The 1993 Supreme Court decision, Stinson v. United States, commands federal judges to abandon their duty of independent judgment in violation of Article III and the judicial oath, and to assign weight to a non-judicial entity’s interpretation of the law when imposing criminal sentences. It also raises serious due-process and separation-of-powers concerns when it causes courts to mandate judicial bias against a defendant, instead of lenity toward him.
In both Nasir and Lovato, the courts deferred to the U.S. Sentencing Commission’s commentary on its sentencing guidelines, and thereby increased the length of each man’s prison sentence. In cases like these, Stinson deference unjustly forces people to spend more time in prison than Congress required.
Where the circuits were once unified in reflexively granting such deference, two circuits have now rethought that approach—the DC Circuit in United States v. Winstead (D.C. Cir. 2018) and the Sixth Circuit in United States v. Havis (6th Cir. 2019), for which NCLA filed a successful amicus brief. More recently, the Third Circuit in U.S. v. Nasir independently decided to grant en banc review of its precedent to re-examine whether “it remains appropriate to defer to the U.S. Sentencing Commission’s commentary.” NCLA has urged the Court to agree that deference is not appropriate.
As this trend illustrates, the very idea of an Article III court “deferring” to mere commentary of the Sentencing Commission presents grave constitutional concerns, and none of these concerns has been considered or discussed in the Supreme Court rulings that established this deference regime in the first place. Stinson itself involved commentary that worked in the defendant’s favor, so the constitutional issues did not surface.
Rather than wait for the Supreme Court to resolve this growing split in authority, NCLA urges the en banc Third Circuit to overturn circuit precedent and the Tenth Circuit to follow its sister circuits and grant the petition for rehearing en banc in U.S. v. Lovato.

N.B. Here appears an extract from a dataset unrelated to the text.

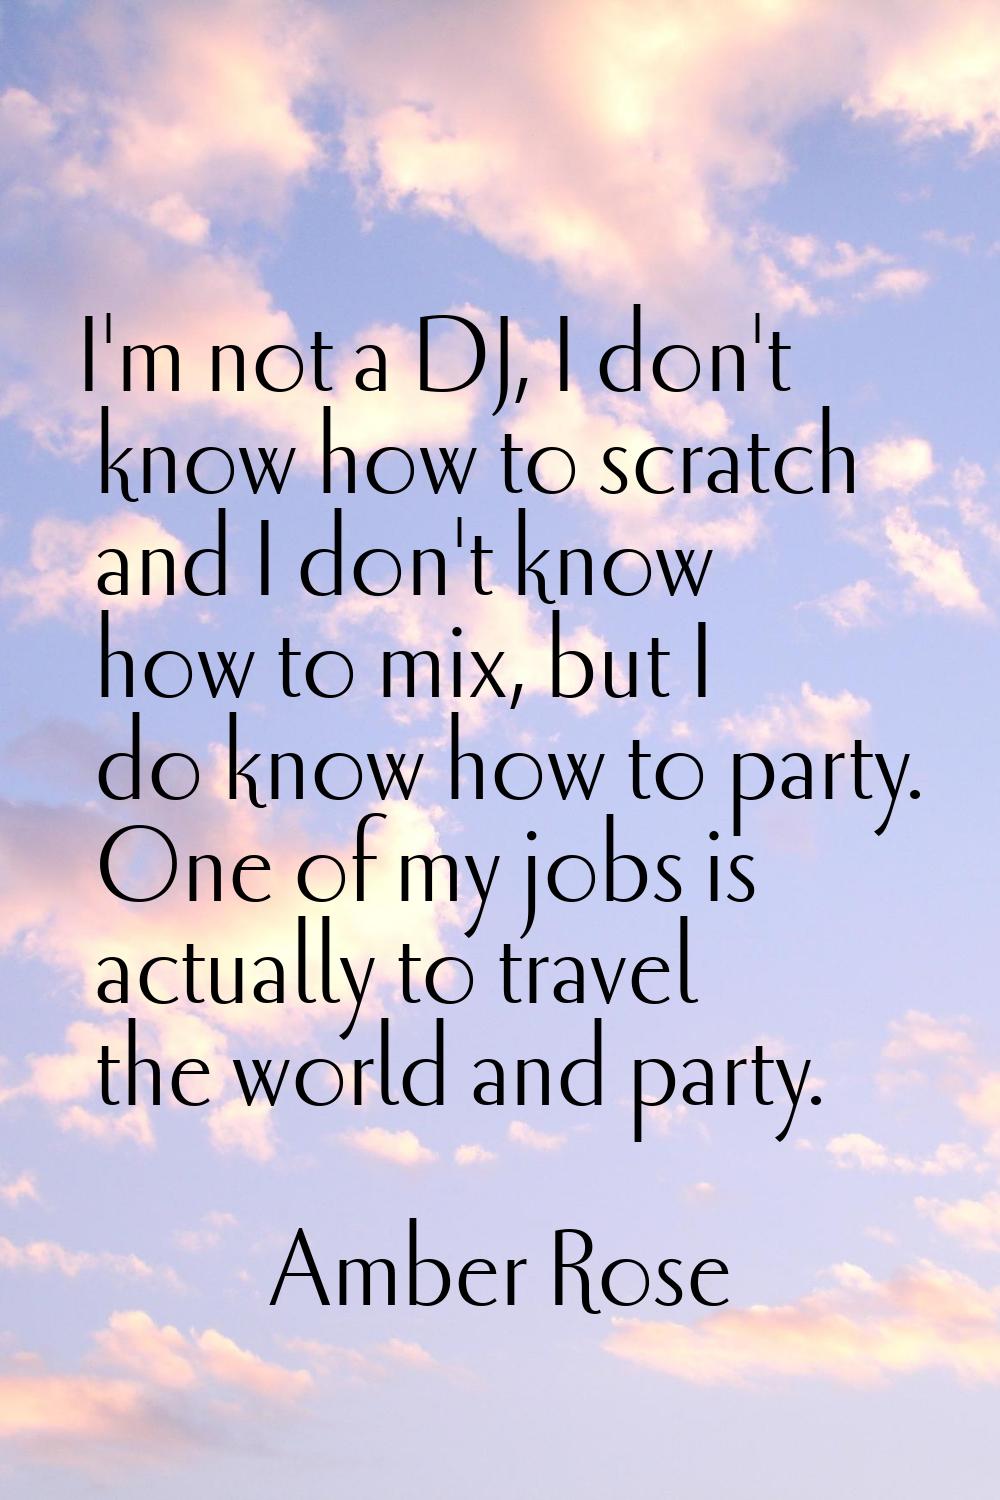 I'm not a DJ, I don't know how to scratch and I don't know how to mix, but I do know how to party. 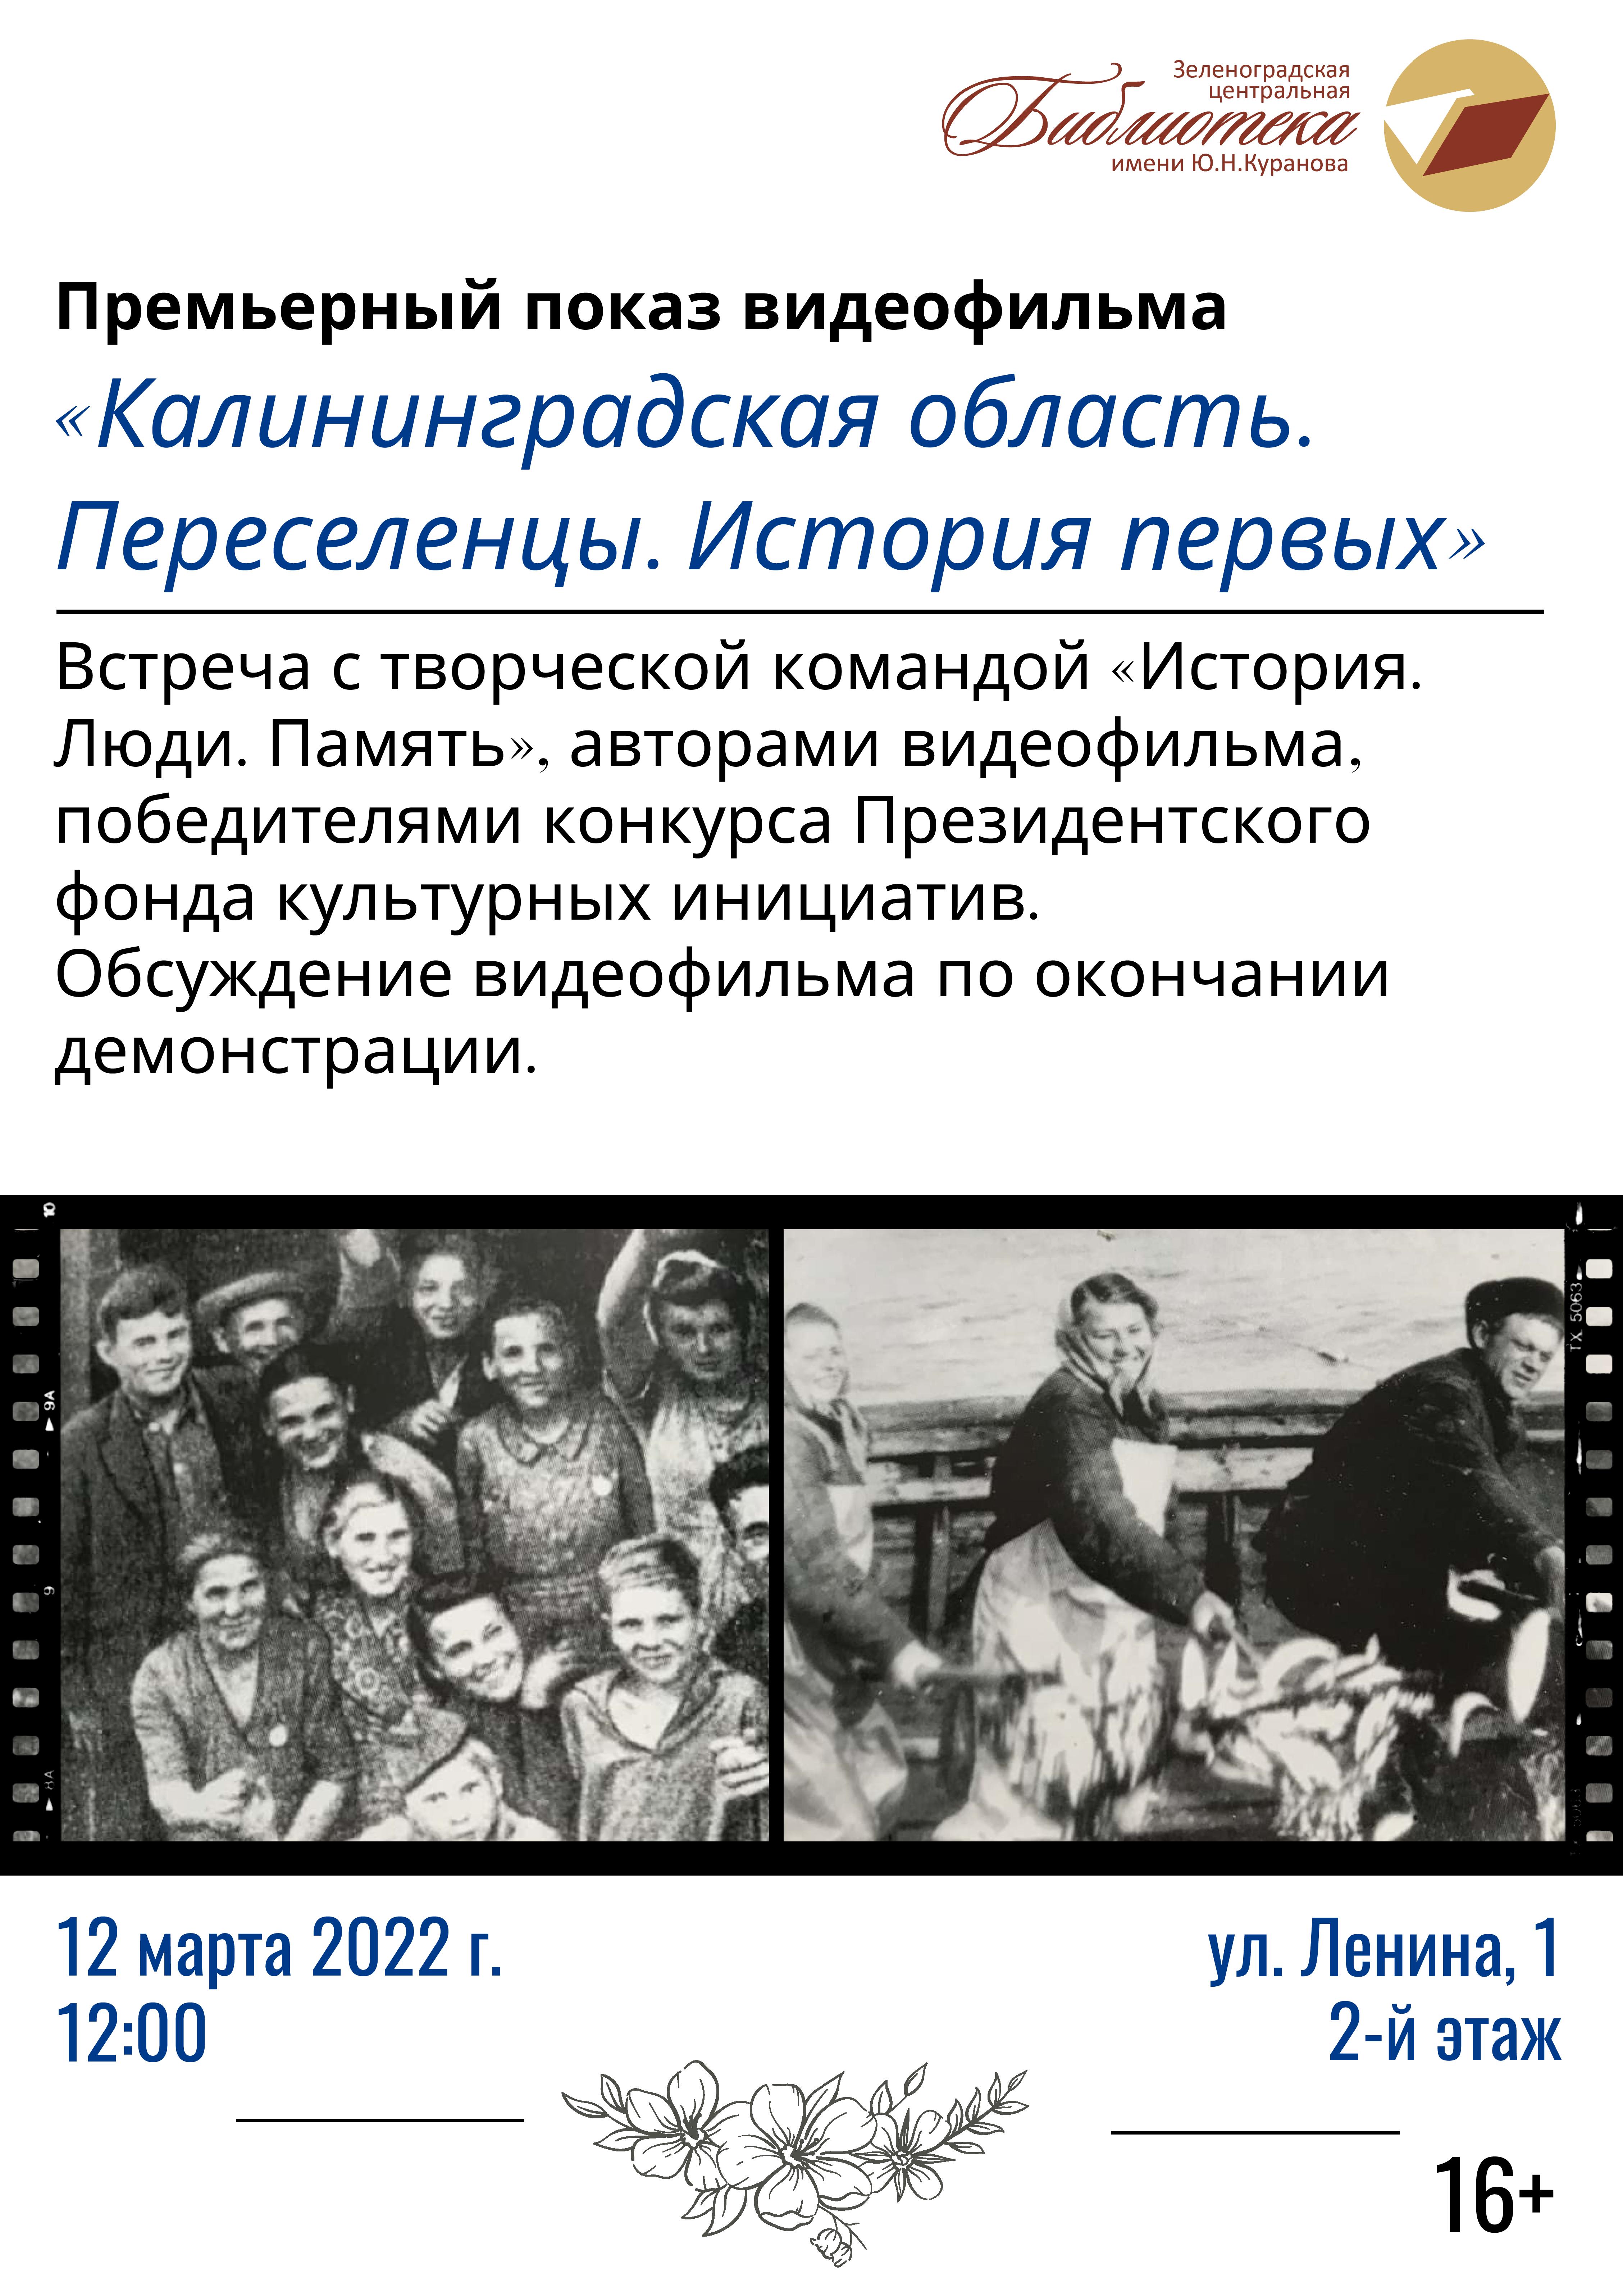 12 марта в библиотеке имени Ю. Куранова пройдёт премьера документального фильма о первых переселенцах в Калининградскую область

NCLA released the following statements:
“Courts cannot allow an administrative agency to increase a person’s prison sentence out of ‘deference’ to its interpretation of the law. The Courts of Appeals must start acting like judges again and take back responsibility to say what the law is.”
—Caleb Kruckenberg, Litigation Counsel, NCLA
“The major problem with Stinson—and reflexive deference to the Sentencing Commission—may, ironically, be the way out. In a rush to accept the Sentencing Commission’s legal interpretations, the Stinson progeny of cases failed to consider the 500-year-old rule of lenity. Nasir and Lovato present an opportunity for the Third and Tenth Circuits to prioritize the rule of lenity over deference and, in turn, prioritize the Constitution over bad case law.”
—Jared McClain, Staff Counsel, NCLA
ABOUT NCLA
NCLA is a nonpartisan, nonprofit civil rights group founded by prominent legal scholar Philip Hamburger to protect constitutional freedoms from violations by the Administrative State. NCLA’s public-interest litigation and other pro bono advocacy strive to tame the unlawful power of state and federal agencies and to foster a new civil liberties movement that will help restore Americans’ fundamental rights.